ATEN Unizon Directory Traversal Vulnerability (CVE-2026-9778) Allows Remote Code Execution
A directory traversal vulnerability in ATEN Unizon, tracked as CVE-2026-9778 with a CVSS score of 7.2, allows authenticated remote attackers to execute arbitrary code at the SYSTEM level.
Zero Day Initiative (ZDI) disclosed a directory traversal remote code execution vulnerability in ATEN Unizon, tracked as CVE-2026-9778 with a CVSS score of 7.2. The flaw, reported by researcher Ahmed Y. Elmogy, allows an authenticated remote attacker to execute arbitrary code on affected installations by exploiting improper validation of user-supplied paths in the ImportDeviceList method.
The vulnerability resides in the ImportDeviceList method, where the software fails to properly validate a user-supplied path before using it in file operations. This lack of validation enables an attacker to traverse outside restricted directories, allowing file upload or overwrite operations that ultimately lead to code execution in the context of the SYSTEM user. Because authentication is required, the attack surface is limited to users who already have access to the Unizon management interface.
ATEN Unizon is a centralized management platform used by organizations to monitor and control ATEN KVM switches, power distribution units, and other IT infrastructure devices. The product is widely deployed in data centers, server rooms, and enterprise environments where remote management of hardware is critical.

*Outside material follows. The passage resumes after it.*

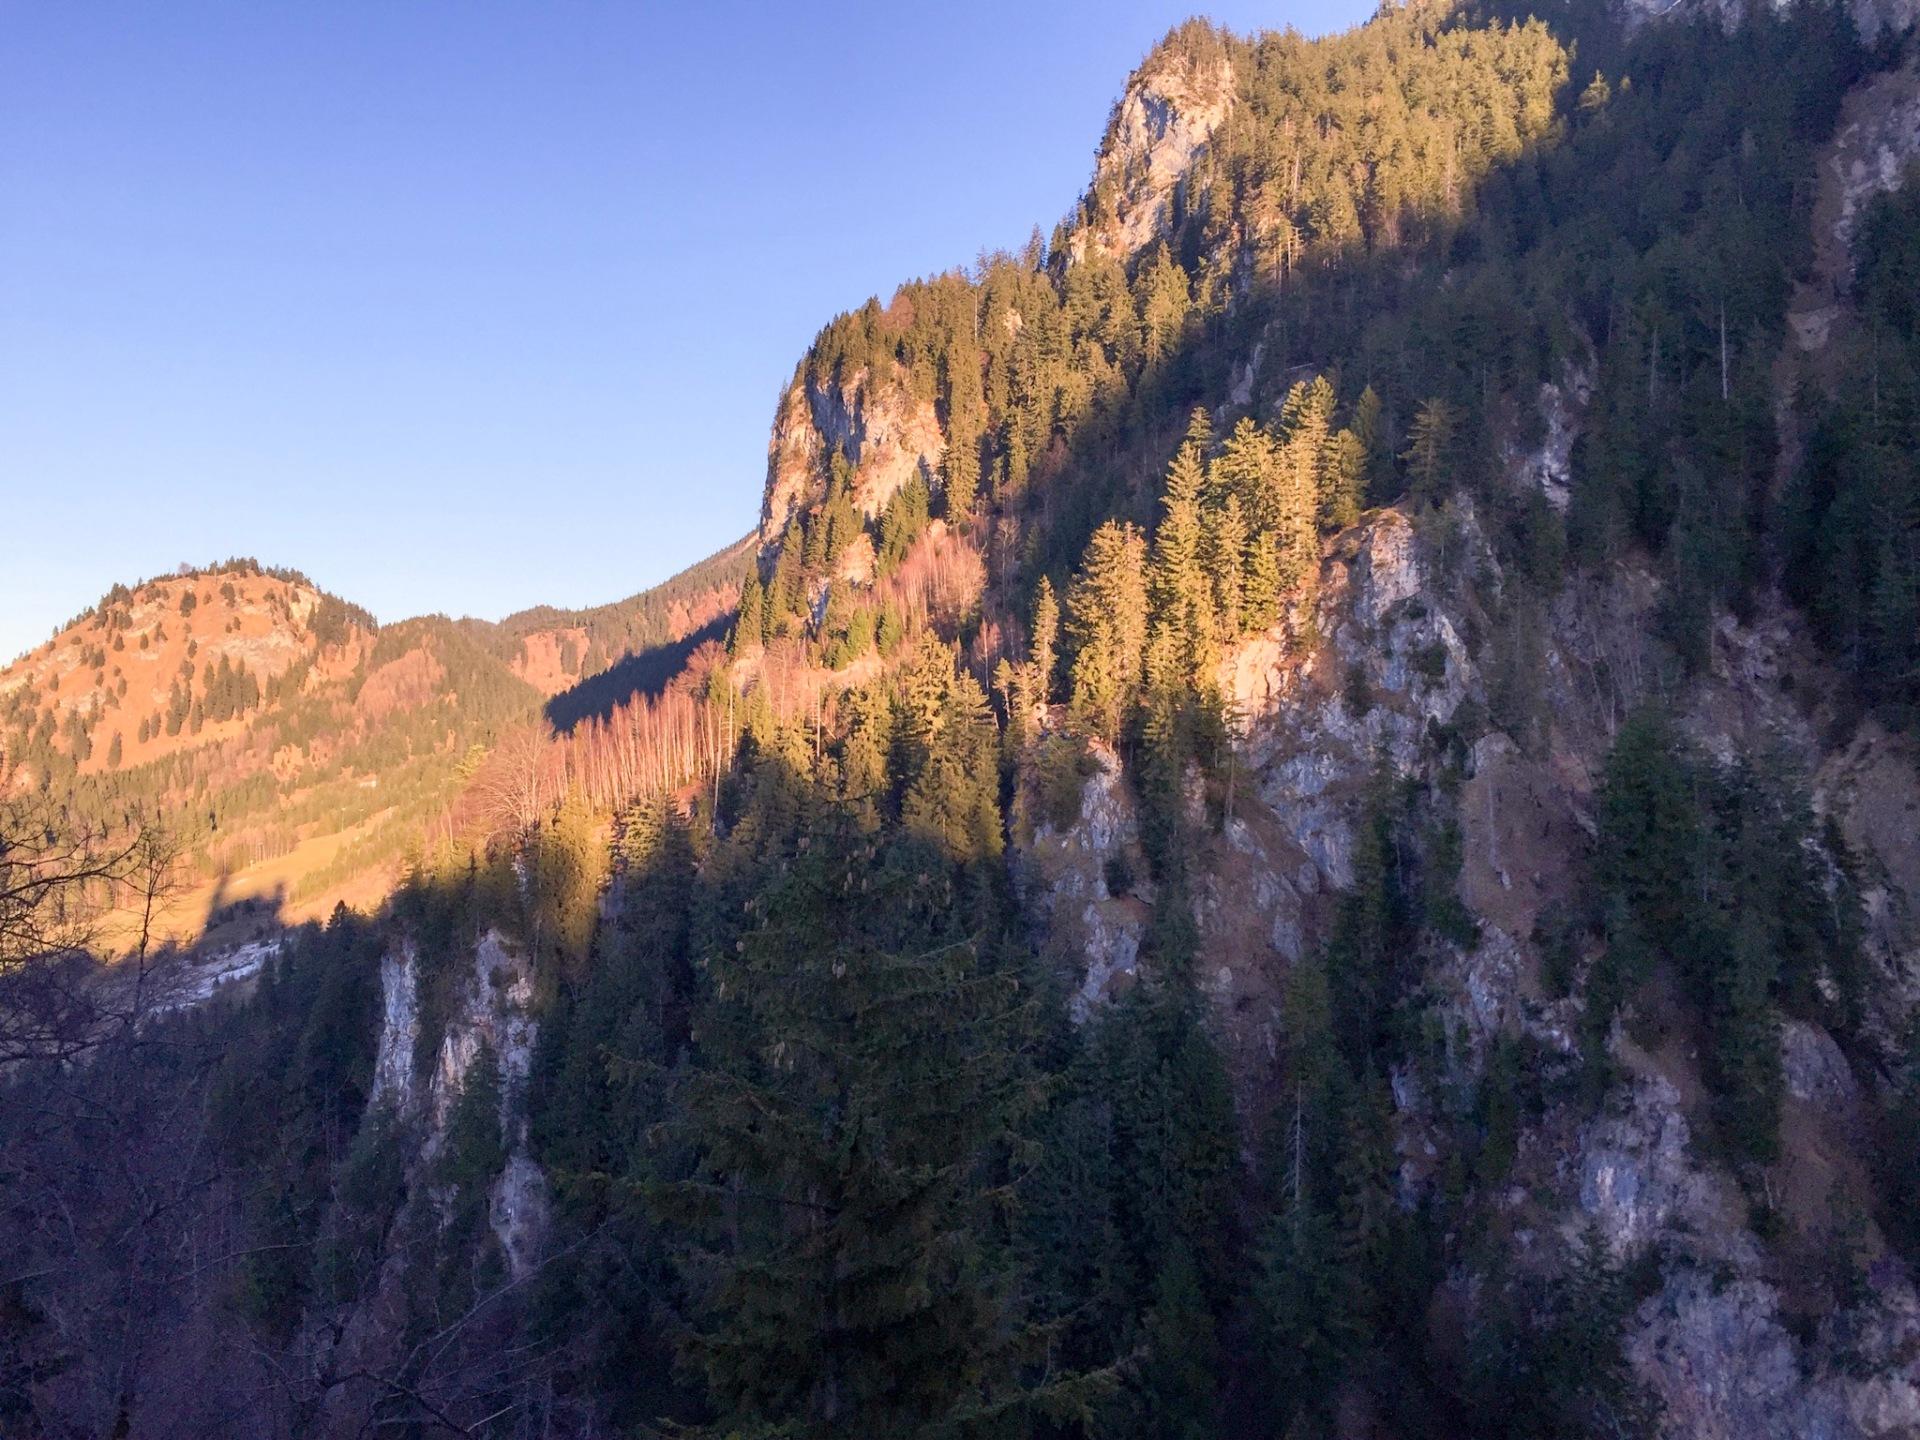 Bavarian mountains, Germany

A successful exploit could give an attacker full control over the Unizon server, potentially allowing lateral movement to managed devices or exfiltration of sensitive configuration data.

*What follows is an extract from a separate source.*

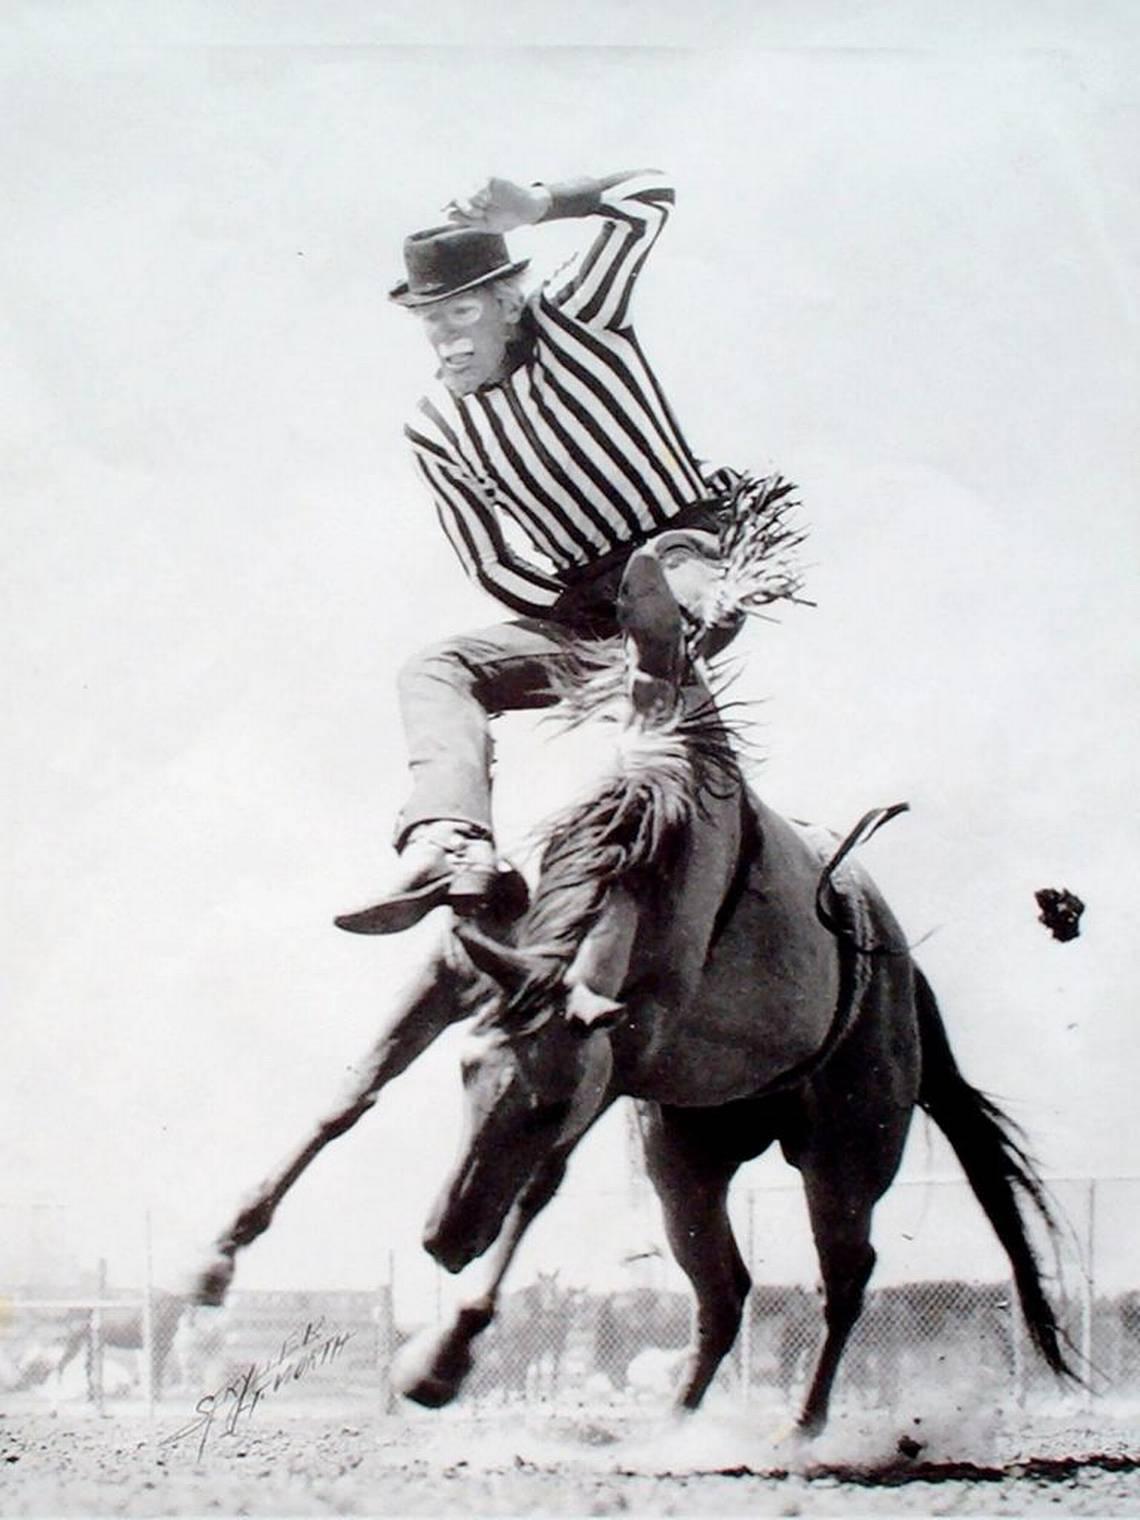 Wilbur Flyin!

ATEN has issued a security advisory and patch to address CVE-2026-9778. The advisory is available at ATEN's support center, and organizations running ATEN Unizon are strongly urged to apply the update as soon as possible. No workarounds have been published, making patching the only reliable mitigation.
This disclosure follows a related vulnerability in the same product: CVE-2026-9779, a cryptographic signature verification bypass also rated CVSS 7.2, which was disclosed earlier in June 2026. Together, these flaws highlight a pattern of security weaknesses in ATEN's Unizon platform that could be chained by attackers. The ZDI advisory notes that the vendor was notified on March 13, 2026, and the coordinated public release occurred on June 24, 2026.
Directory traversal vulnerabilities remain a common class of bugs in enterprise management software, often leading to severe consequences when combined with file upload capabilities. Organizations using ATEN Unizon should prioritize patching CVE-2026-9778 and review their deployment for any signs of compromise, especially if the management interface is exposed to untrusted networks.